**Problem description**.
Your copy should repeat the data that follows exactly and contain no image.

**Given material**.
--------------------
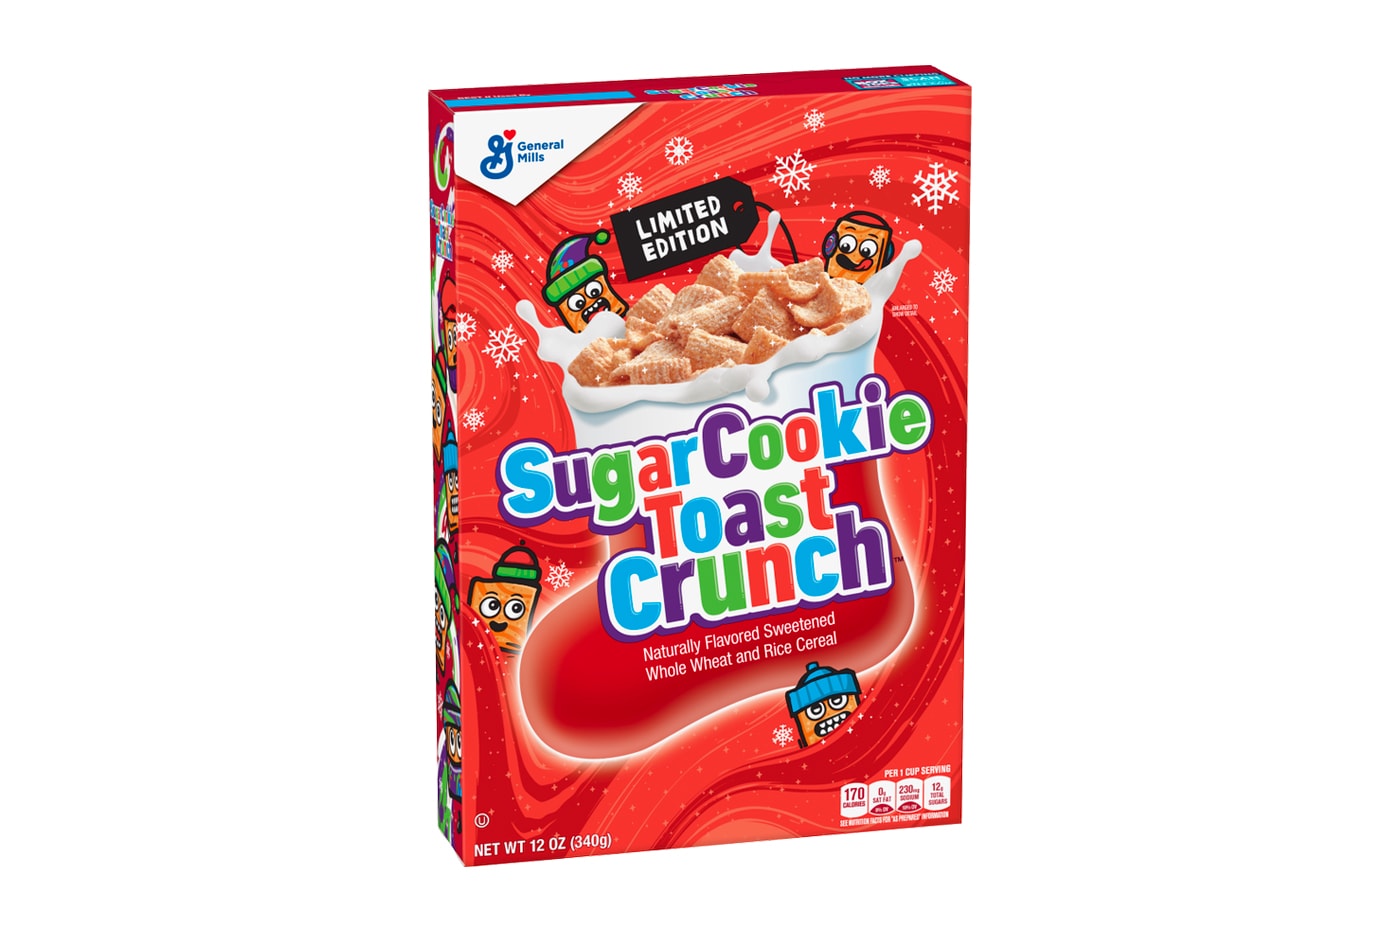 Sugar Cookie Toast Crunch Return 2021 Cinnamon Toast Crunch General Mills Christmas Holiday
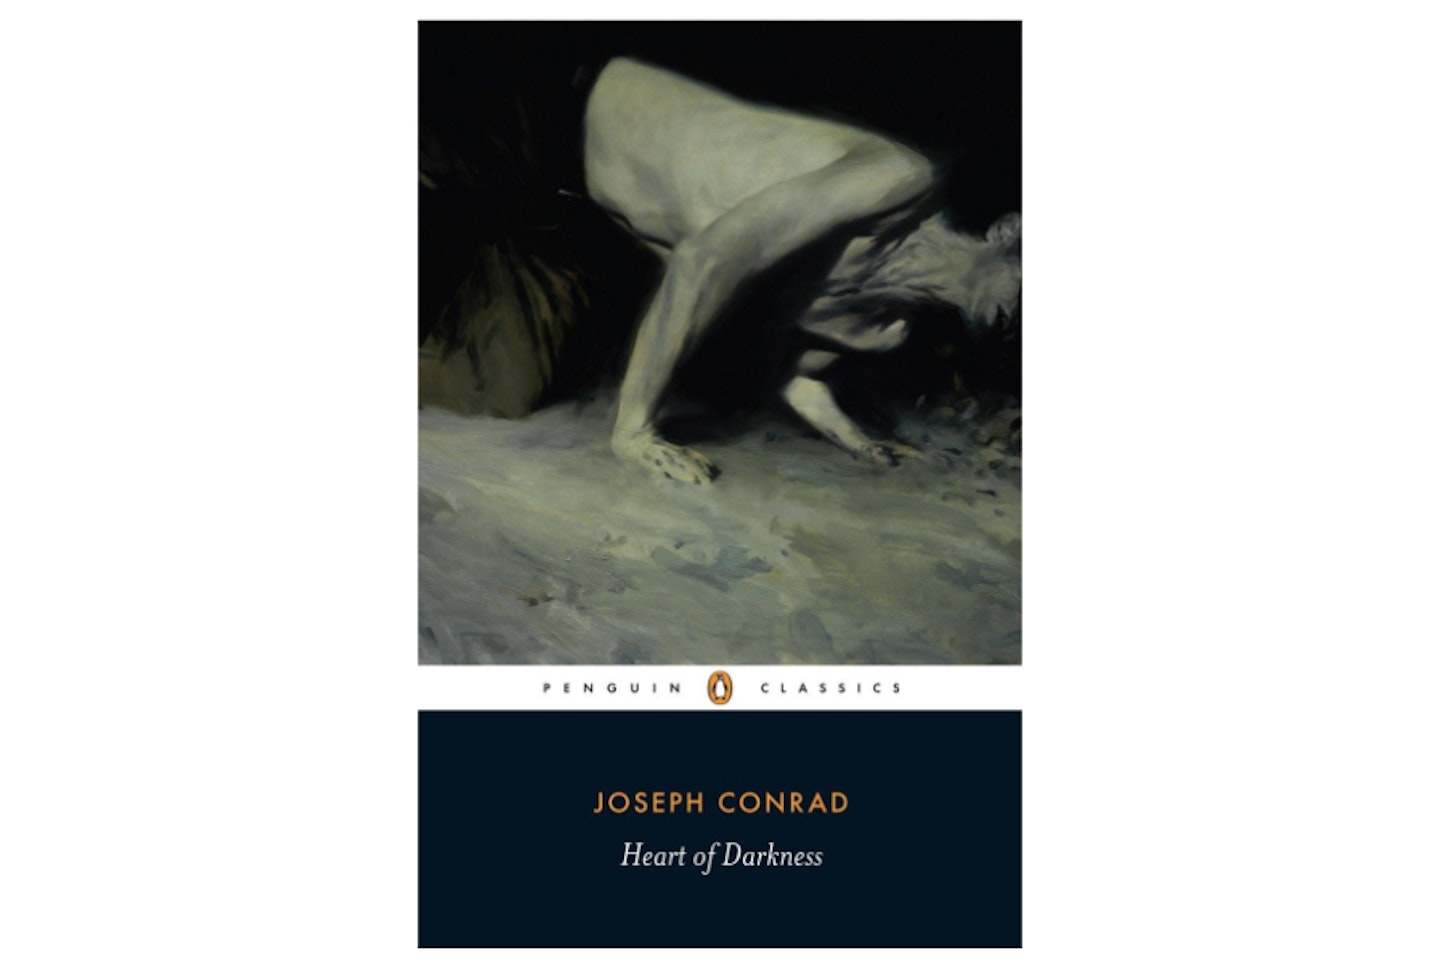 Heart of Darkness by Joseph Conrad, £4.79
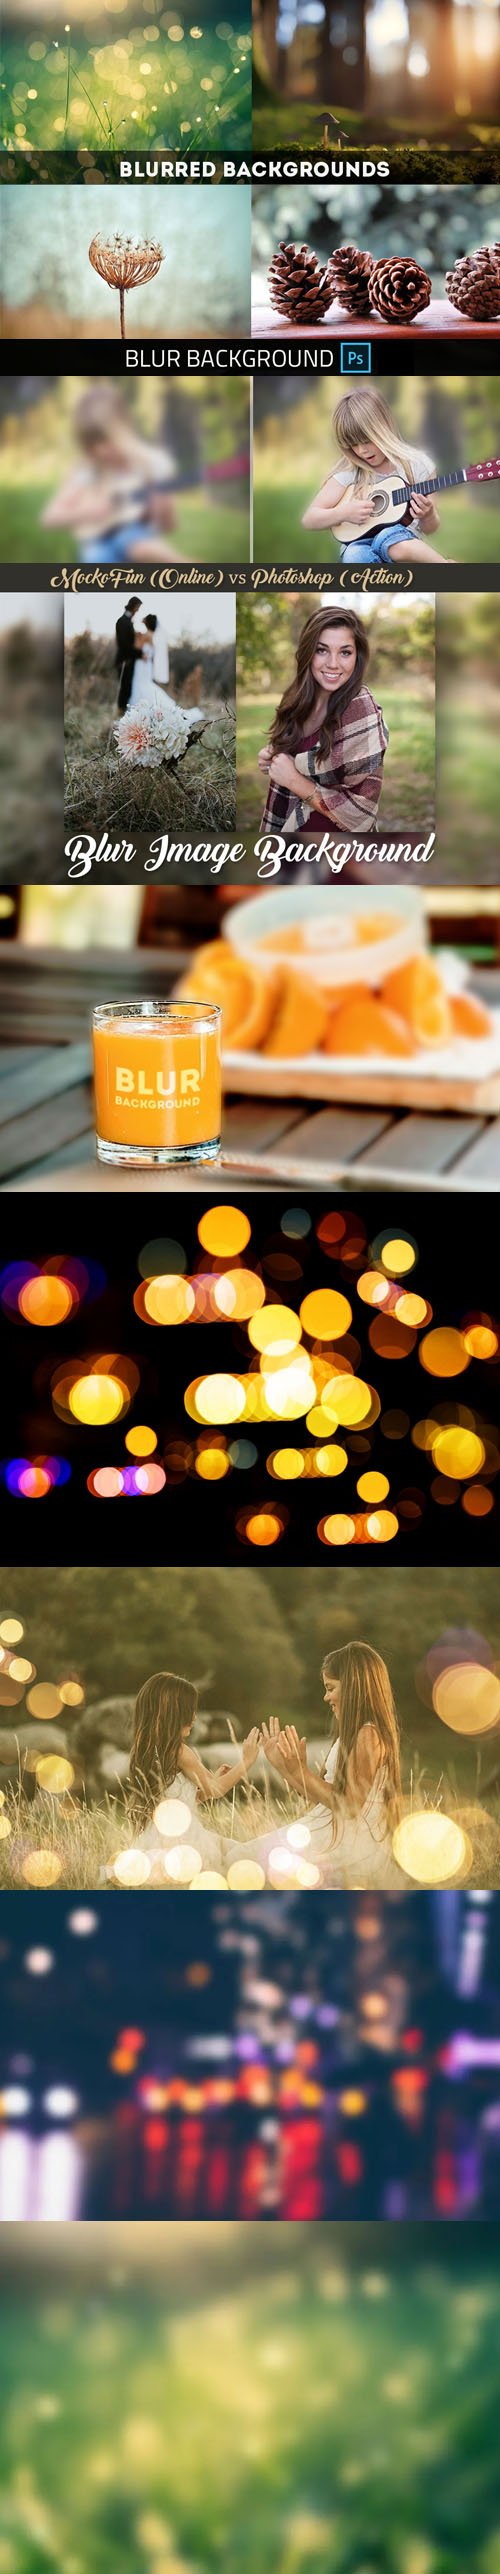 Blur Background - Photoshop Action
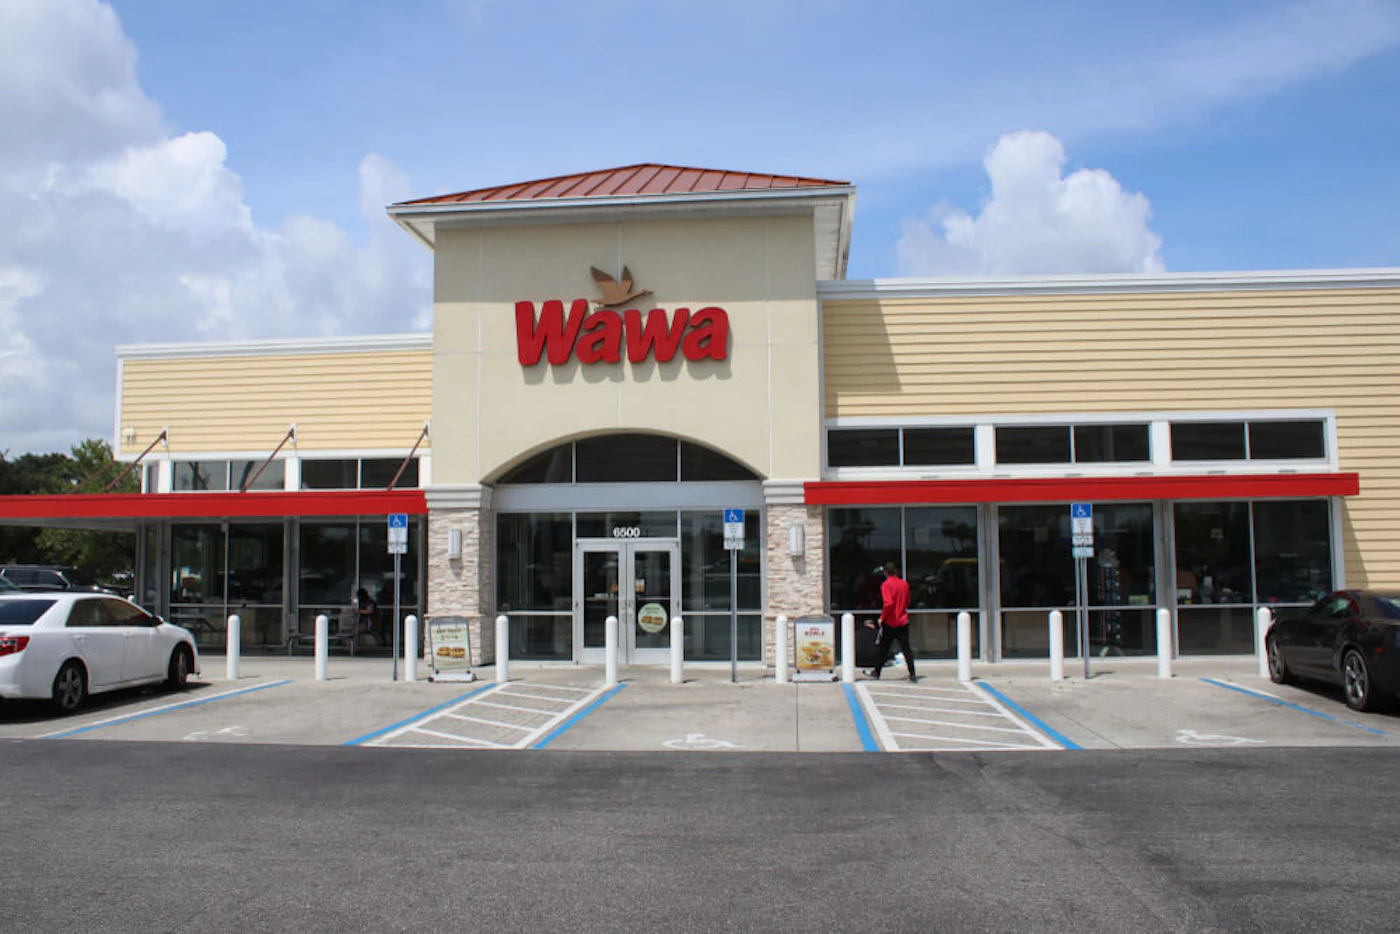 North Carolina is finally getting a Wawa, the popular convenience store chain. (Shutterstock)
--------------------
**Reply**.
 Sugar Cookie Toast Crunch Return 2021 Cinnamon Toast Crunch General Mills Christmas Holiday
 Heart of Darkness by Joseph Conrad, £4.79
 Blur Background - Photoshop Action
 North Carolina is finally getting a Wawa, the popular convenience store chain. (Shutterstock)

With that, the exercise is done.